Premise: Carolyn's brother disappeared ten years ago when he walked out of his college apartment and was never seen again. He calls once a year, on Mother's Day, to let his family know that he's okay. This year, Carolyn has decided that she must find him. The case quickly becomes entwined with the disappearance of Carolyn's young neighbor, and Carolyn must delve into the past and present lives of everyone who knew her brother to figure out what's going on.
Thoughts: The reason this is a Quick Take rather than a review is because I didn't finish it. It was due back at the library today, and at about 12:30 last night I had 100 or so pages left and just wasn't enjoying it, so I gave up and just read the last few chapters. I will only review books that I've read in their entirety, but I may do Quick Takes on things I don't finish. But don't worry - I'll always tell you if I haven't read the whole thing.
I was really into Mary Higgins Clark for a while in my early teens, and then hadn't read her for years. I tried her 2007 novel, I Heard That Song Before, and thought it was a fun read, although nothing great, so I went ahead and started this one. I thought the plot of Where Are You Now? was fine. It wasn't anything particularly earth-shaking or memorable, but it was a decent suspense plot with perhaps a few too many characters.

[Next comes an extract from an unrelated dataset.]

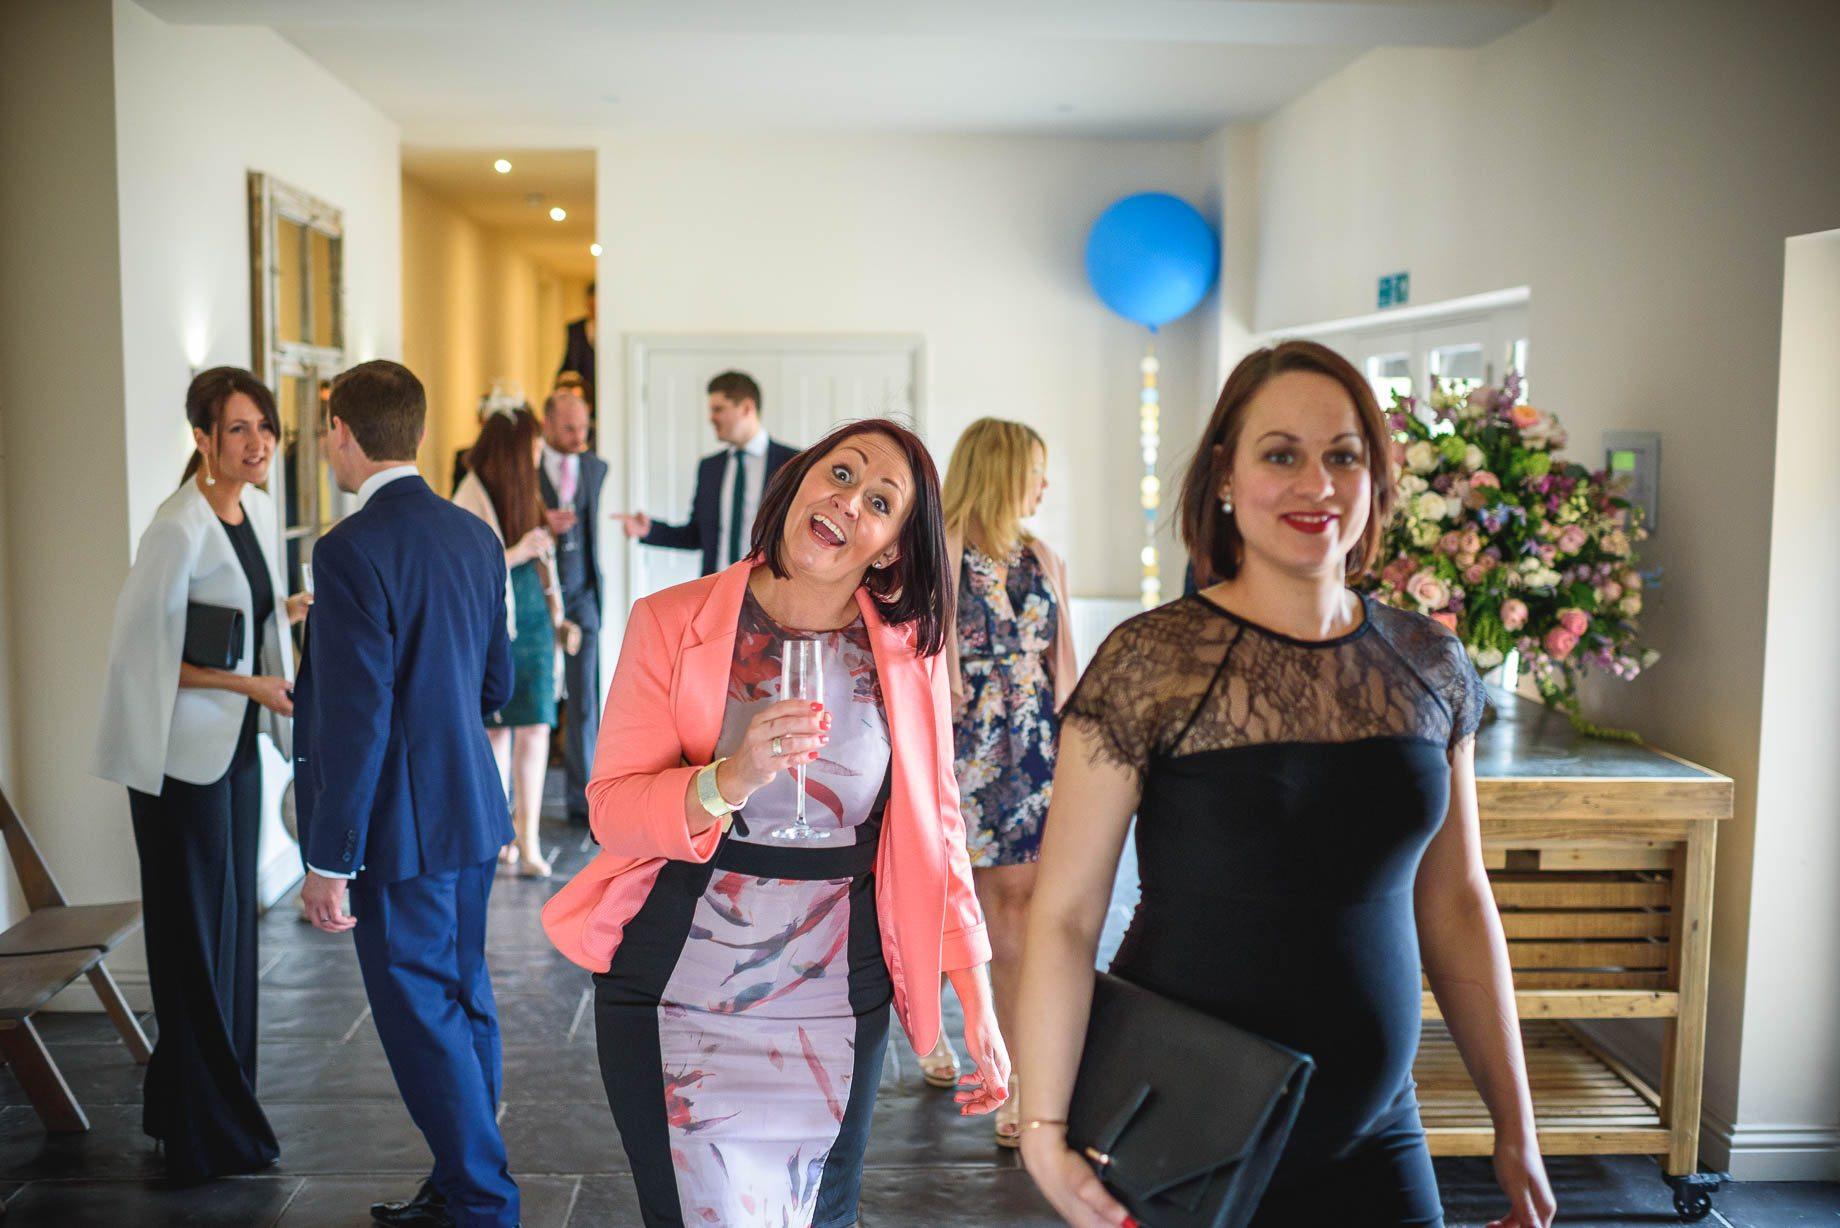 Millbridge Court Wedding Photography - Lisa and Daniel (114 of 173)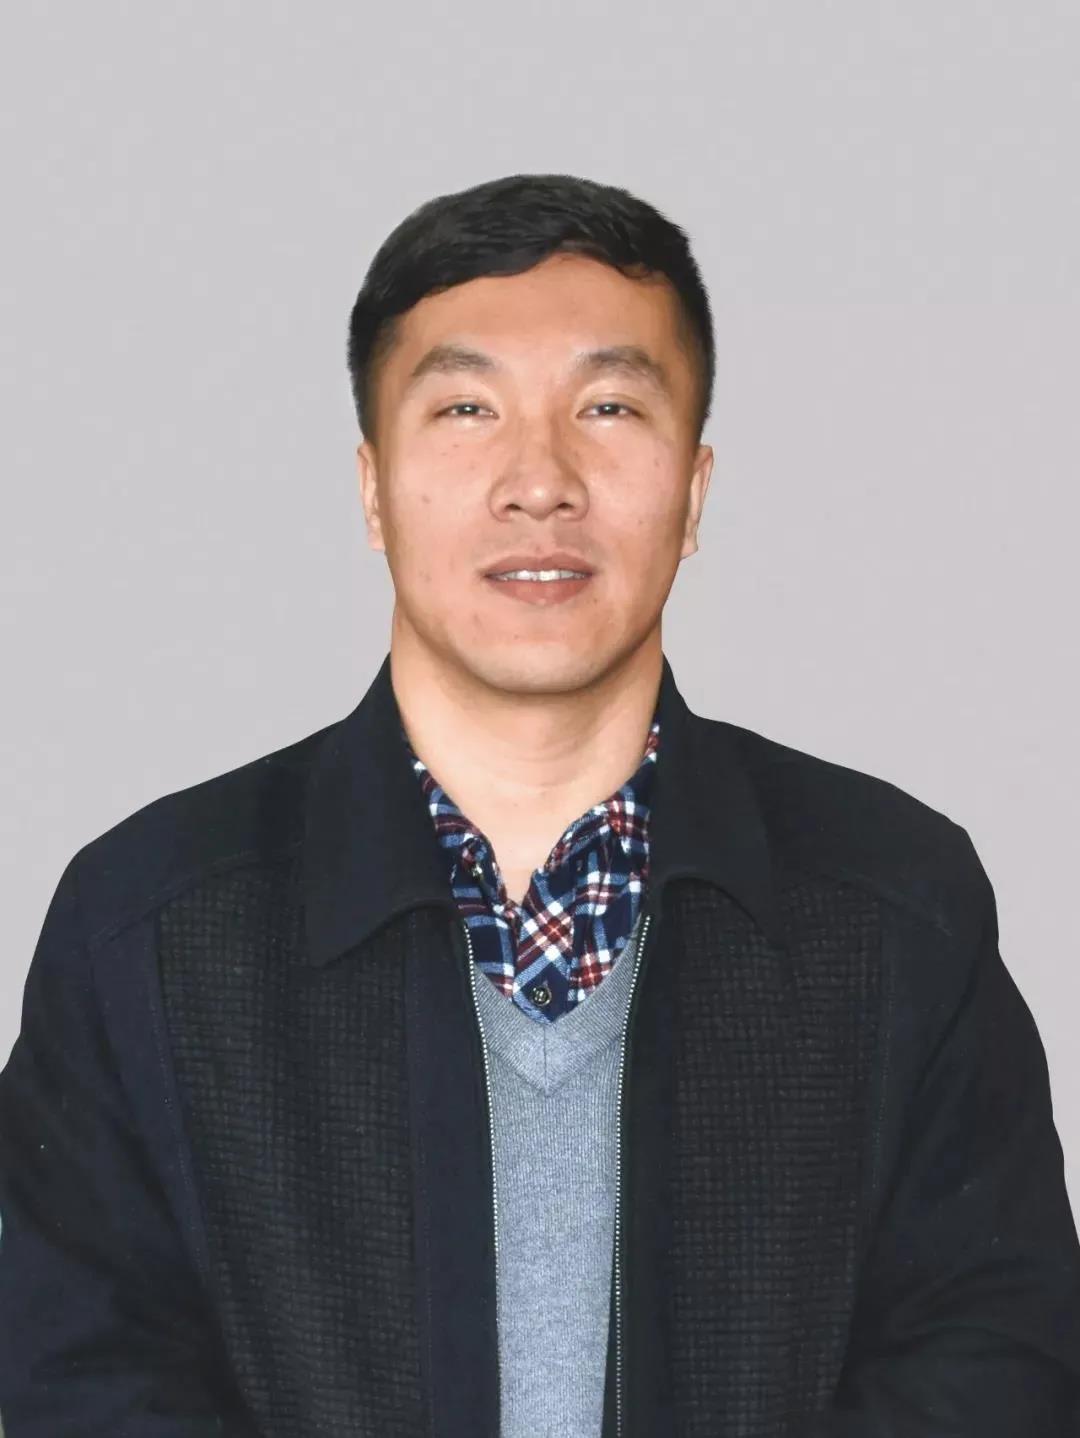 【北京kok平台新用户送彩金企业kok登录】2020年3月23日星期一(庚子鼠年二月三十)

The real problem I had with the book was the writing. Honestly, I'm not sure whether Clark's writing has deteriorated or whether my standards were lower ten years ago. Maybe it's a little of both. The grammar was okay, thank goodness, but the writing style reminded me of one of those old-fashioned, very didactic children's books in which everything everyone's thinking - and how the reader is supposed to feel about it - is carefully spelled out. The dialogue seemed completely unrealistic, and the interior monologues of the characters were just not written the way that real people think. The language was very formal and it was all about telling rather than showing. A few examples from the first chapter:
"First, I must find a way to track my brother down. What happened to him? Why did he disappear? There was no sign of foul play."
"When we were growing up, Mack was my best friend, my confidant, my pal. Half my girlfriends had a crush on him. He was the perfect son, the perfect brother, handsome, kind, funny, an excellent student. How do I feel about him now? I don't know anymore."
The character is clearly talking to the reader rather than actually thinking. I know this happens to some extent in all first person writing, but it was extremely exaggerated here - and the chapters that were in the third person had the same issue. This really kept me from getting into what could have been a quick, fun read.